Ph.D. in hand, Dumont went on to postdoctoral appointments at the University of Washington and then North Carolina State University (NCSU). At NCSU she was awarded a federal grant, called a K99, to enhance her independent research. Her work expanded her exploration of recombination biology, honing in on sex chromosomes and the regions on them essential for recombination and proper segregation during meiosis. It also provided her with the experience she needed for her next step forward: starting her own independent laboratory. And in 2016, she returned to JAX to do just that.

Now Dumont works with a unique resource at JAX: diverse mouse populations. Her work still investigates recombination and other biological mechanisms, but she is now seeking to answer even larger questions: How do species originate and evolve?
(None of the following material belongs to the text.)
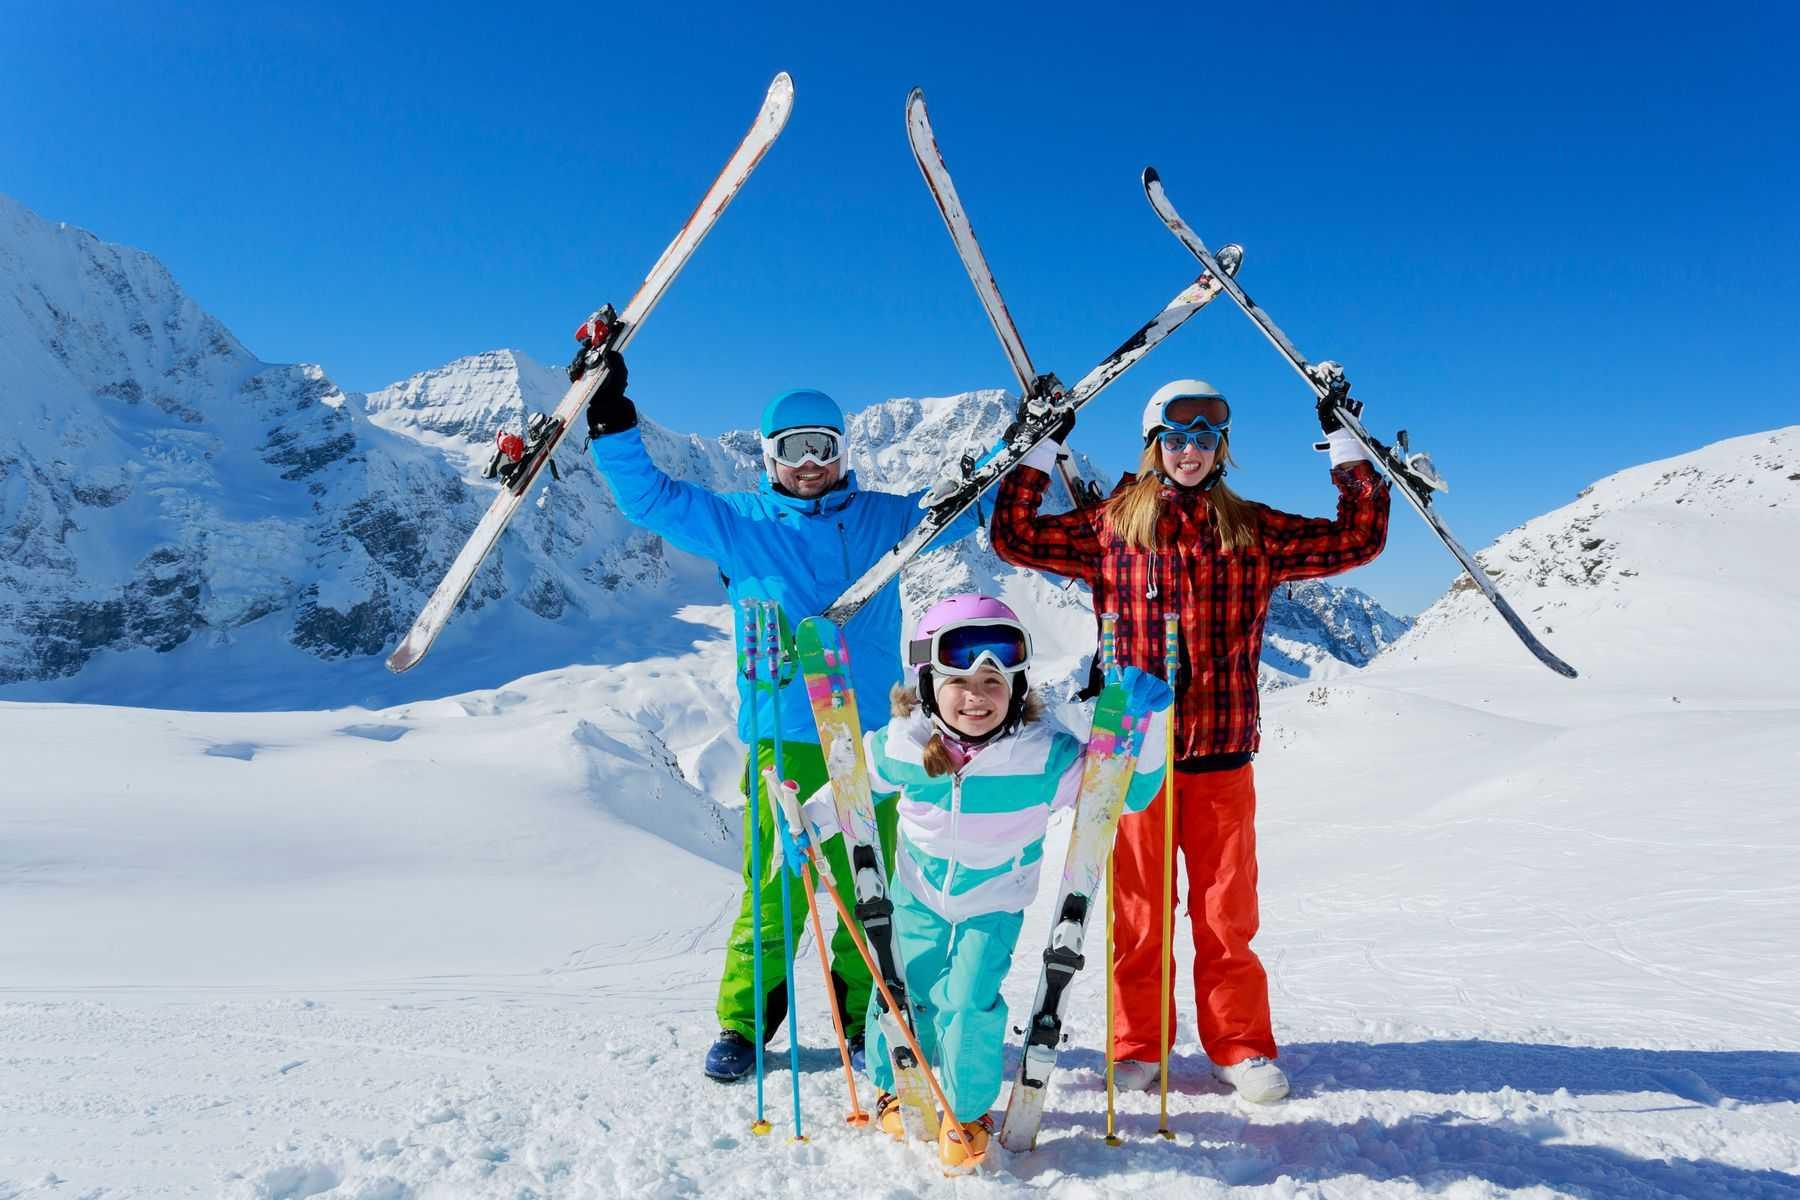 IŠSKIRTINIS PASIŪLYMAS! Keliaukite slidinėti į Andorą ir slidinėjimo įrangos gabenimas bus NEMOKAMAS! Vietų skaičius ribotas!

The genetically diverse mice provide her with essential insights.

 “I’m thrilled to be at JAX, because many of the projects using genetically diverse mice are basically beautifully curated evolutionary experiments in action,” says Dumont. “I can track the process of DNA transmission from one generation to the next because we know how the DNA segregates between generations. We can learn how many mutations accumulate, how and where they accumulate … it’s evolution in a self-contained environment.”

She also gives back, seeking to work with students each summer who may not have previously thought about research as a career, like her when she first arrived at JAX.

 “It’s wonderful to be on the other side and to be able to nurture the potential in students over the course of the 10-week program,” she says. “I also keep in touch with (now) colleagues who went through the program and follow their research trajectories. For many, like me, it was a transformative experience and provided opportunities that they otherwise wouldn’t have had.”